In this paper, the stochastic finite element method (SFEM), which combines the Monte Carlo method and the finite element method, is used to analyze the load transfer process of the high-temperature strain gauge through a MATLAB program. The calculation results are compared with the thermal–mechanical coupling model of ANSYS. Through these studies, some conclusions can be summarized as follows:

(1) The average temperature of the strain gauge obtained by ANSYS is 1258.44 K. The temperature at the grid wire calculated by MATLAB is 1245.2 K. The difference between the two is 1.34%. The thermal strain calculated by ANSYS at element 2 is 9141 με, which is 0.64% different from the equivalent thermal strain calculated by MATLAB at 9200 με. It is proven that the program is accurate and effective in calculating this complex structure.

(2) The primary sub-model method used in the calculation process can effectively reduce the number of model elements, reduce the requirement of computing resources, and obtain the exact solution of the thermal response of the grid wire.

(3) The SFEM is used to analyze the influence of the uncertainty of 10 inputs (physical parameters, geometric parameters, and load) on the output, thermal stress, and thermal strain of the grid wire. When the coefficient of variation of each parameter is the same value 0.1, the thermal expansion coefficient of the grid wire α₄ and the thermal load T₄ have the most significant influence on the thermal response dispersion. When the α₄ follows the normal distribution (9.5 × 10⁻⁶, 0.95 × 10⁻⁶), the mean value of thermal stress σ_xx of the grid wire is -0.6394 Pa, and the variance is 0.06404 Pa. When the T₄ follows the normal distribution (1243.15, 370.15), the mean value of σ_xx is 0.6387 Pa and the variance is 0.06211 Pa.

(4) The influence of the digital characteristics of α₄ and T₄ on the 95% confidence interval of thermal strain ε is analyzed. In order to ensure the measurement accuracy of 3%, the mean value of α₄ should be in the range of [9.41 × 10⁻⁶, 9.61 × 10⁻⁶], and the variance of α₄ should be less than 0.143 × 10⁻⁶/K. The mean value of T₄ should be in the range [1235.15, 1254.15], and the variance of T₄ should be less than 288.15 K.

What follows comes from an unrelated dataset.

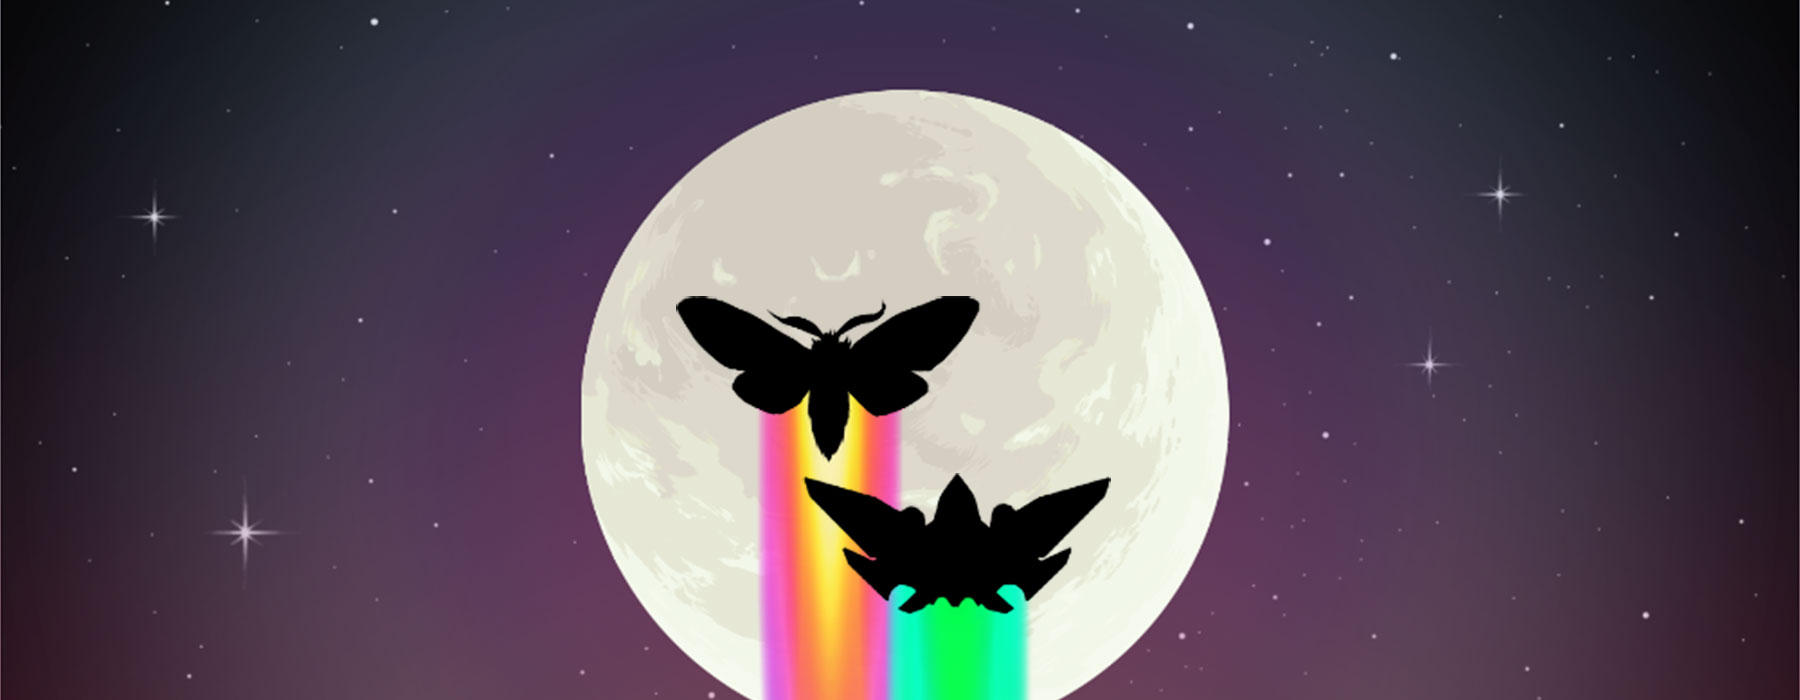 space-moth-lunar-edition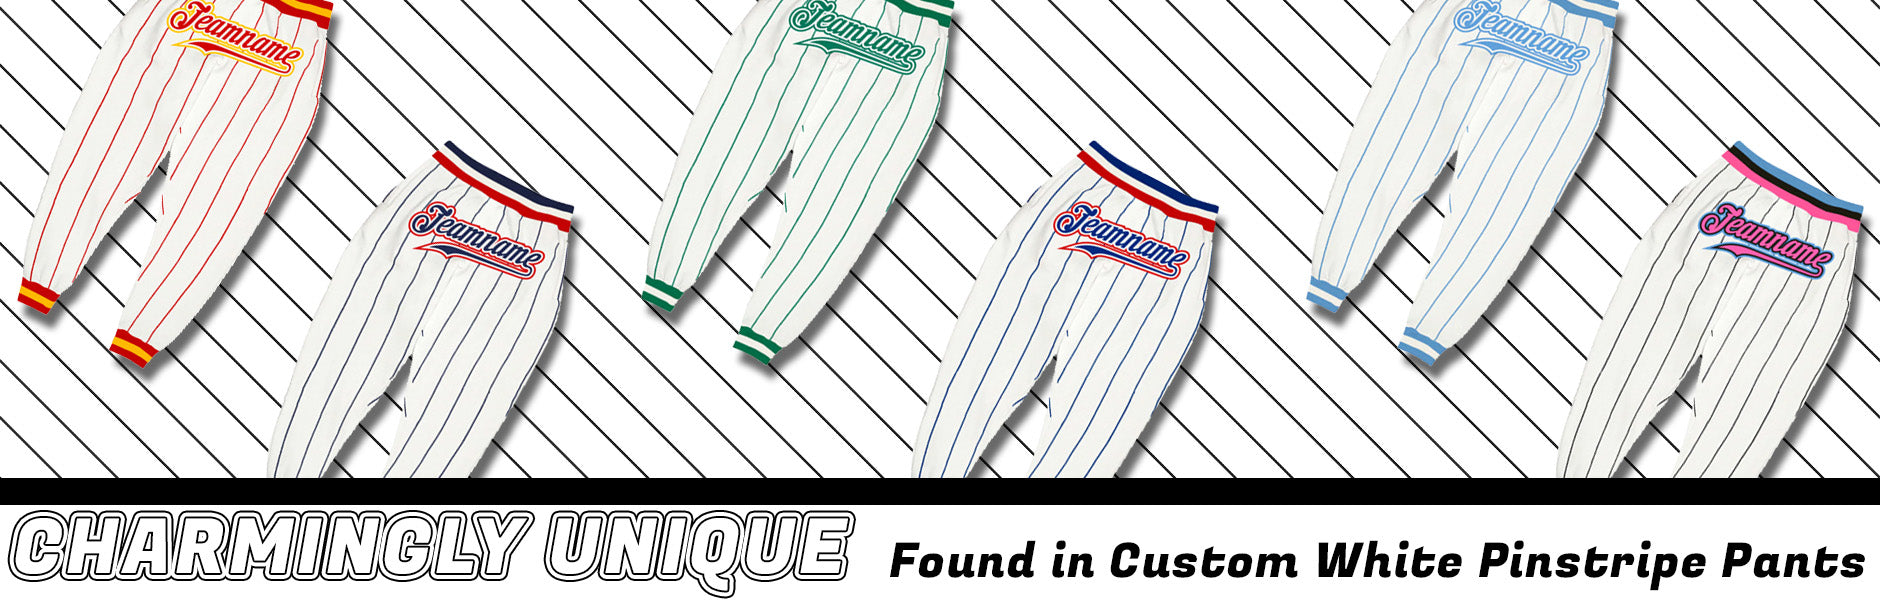 custom white pinstripe pants

It can be concluded from the above analysis that the MATLAB program can realize the analysis of the load transfer process of high-temperature strain gauges. The method of layered modeling is also applicable to the analysis of the mechanical characteristics of other laminated structures. The primary sub-model can obtain local fine results, and it is also applicable to other situations where the local performance is concerned, such as the situation of a high local stress concentration caused by small holes and grooves. The SFEM combining the MCM and the FFEM is an effective method to analyze stochastic problems. In the future, an uncertainty analysis of the fatigue life of strain gauges will be performed.